Without the pictures, repeat the listing character for character.

■ **Dataset content**
● ● ● ● ● ● ●

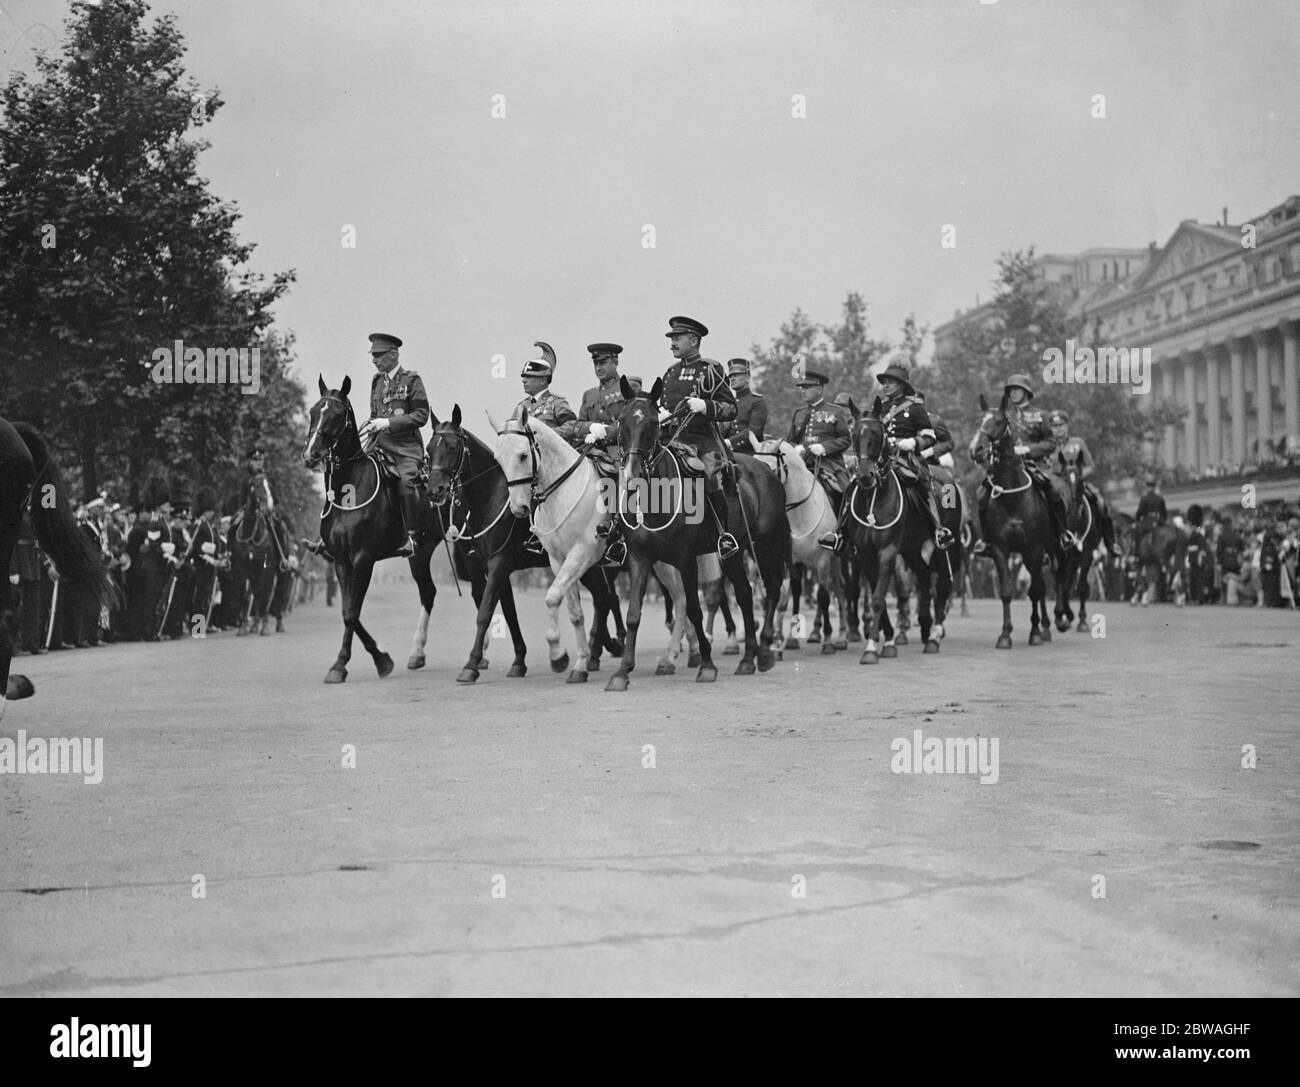 His Majesty the King presents new Colours to the guards Foreign military attaches form part of the parade 23 June 1936 Stock Photo
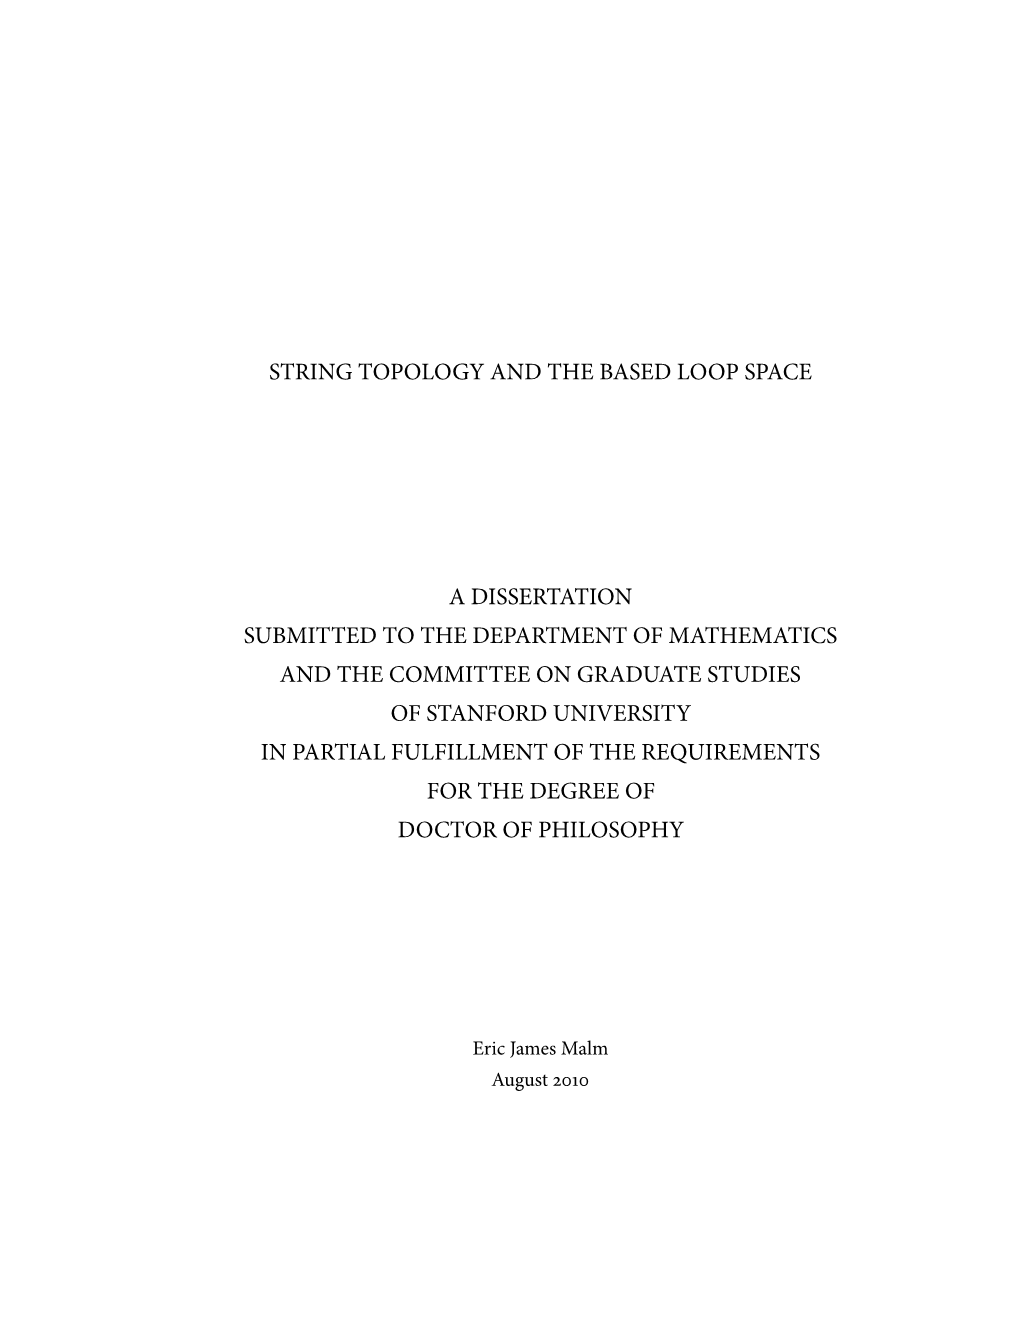 String Topology and the Based Loop Space a Dissertation Submitted to the Department of Mathematics and the Committee on Graduate
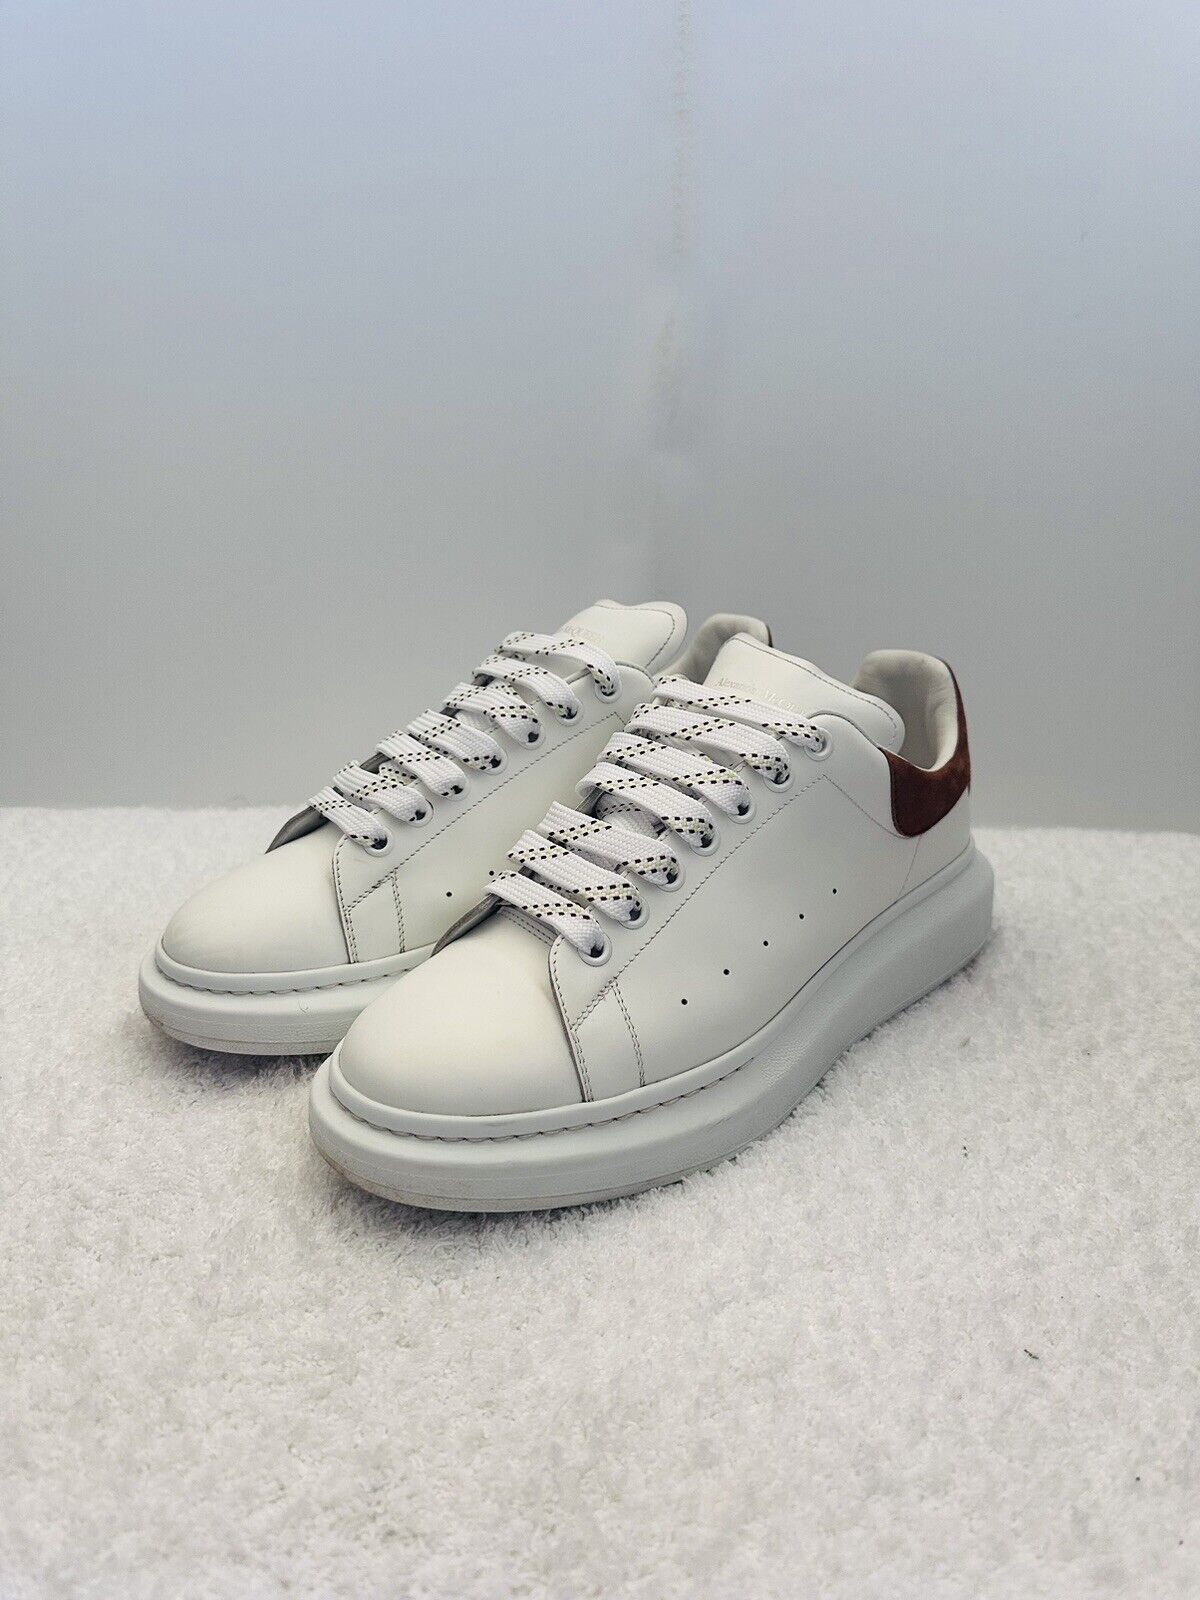 alexander mcqueen sneakers Size 45 men (US Size 12) With Box And Extra Laces

● ● ● ● ● ● ●

■ **Result below**
 His Majesty the King presents new Colours to the guards Foreign military attaches form part of the parade 23 June 1936 Stock Photo
 String Topology and the Based Loop Space a Dissertation Submitted to the Department of Mathematics and the Committee on Graduate
 alexander mcqueen sneakers Size 45 men (US Size 12) With Box And Extra Laces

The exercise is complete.